= Architecture astronaut =

Term in software development

In software development, an architecture astronaut is a term for an individual who is focused on abstract ideas underpinning software design. It is often used pejoratively. The concept was popularized by developer Joel Spolsky in his 2001 essay, "Don't let architecture astronauts scare you", in which he criticized their tendency to see patterns in everything as "absurd". Programmer John Carmack has defined architecture astronauts as "a class of programmers or designers who only want to talk about things from the highest level."

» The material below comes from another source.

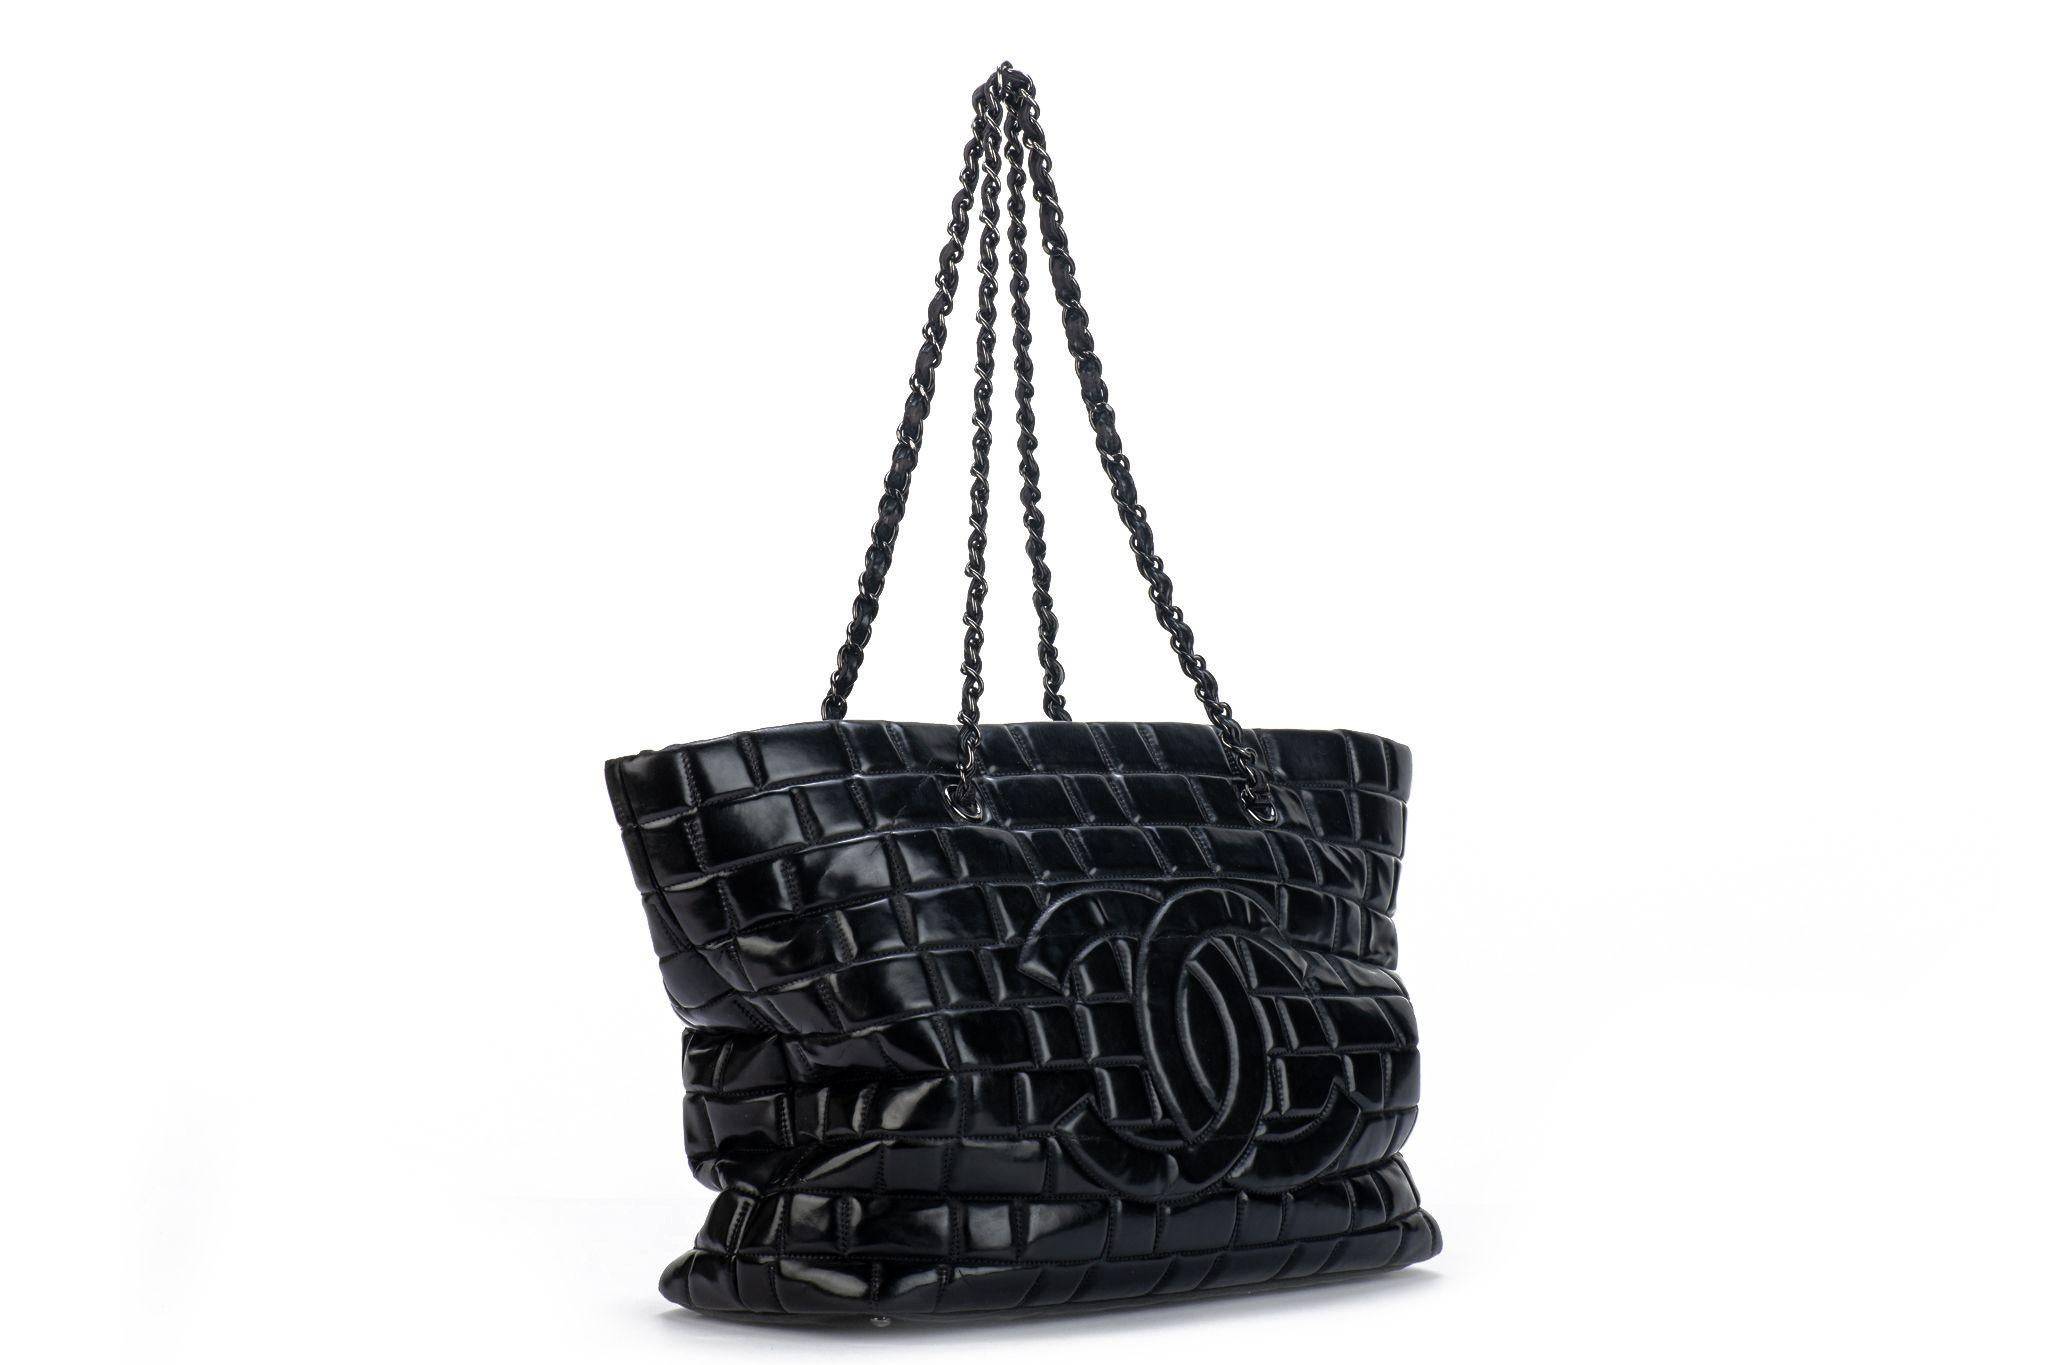 Chanel, tuiles brossées noir, grand sac à main en cuir, longueur de l'anse 11.5

An abstract approach to software architecture can help build an understanding of the bigger picture, and the ability to communicate ideas to a broad group of stakeholders can be valuable. However, the architecture astronaut can take this approach to an extreme, and become disconnected from the systems they are designing. While they may impress others initially with their ability to speak confidently and at extremely high levels of abstraction, their actual designs often lack technical depth and practicality. Demonstrating little regard for logistical details about how their ideas should be executed, they may ultimately lose the respect of their development teams. According to Spolsky: When you go too far up, abstraction-wise, you run out of oxygen. Sometimes, smart thinkers just don't know when to stop, and they create these absurd, all-encompassing, high-level pictures of the universe that are all good and fine, but don't actually mean anything at all.In 2021, John Carmack, then CTO of Oculus consulting, described the metaverse as "a honeypot trap for architecture astronauts". He lamented that Mark Zuckerberg's focus on building the metaverse could result in thousands of people spending years building things that would not end up being useful.

Other projects that have been characterized as the work of architecture astronauts include XHTML 2.0, which HTML5 evangelist Bruce Lawson described in 2010 as "a beautiful specification of philosophical purity that had absolutely no resemblance to the real world."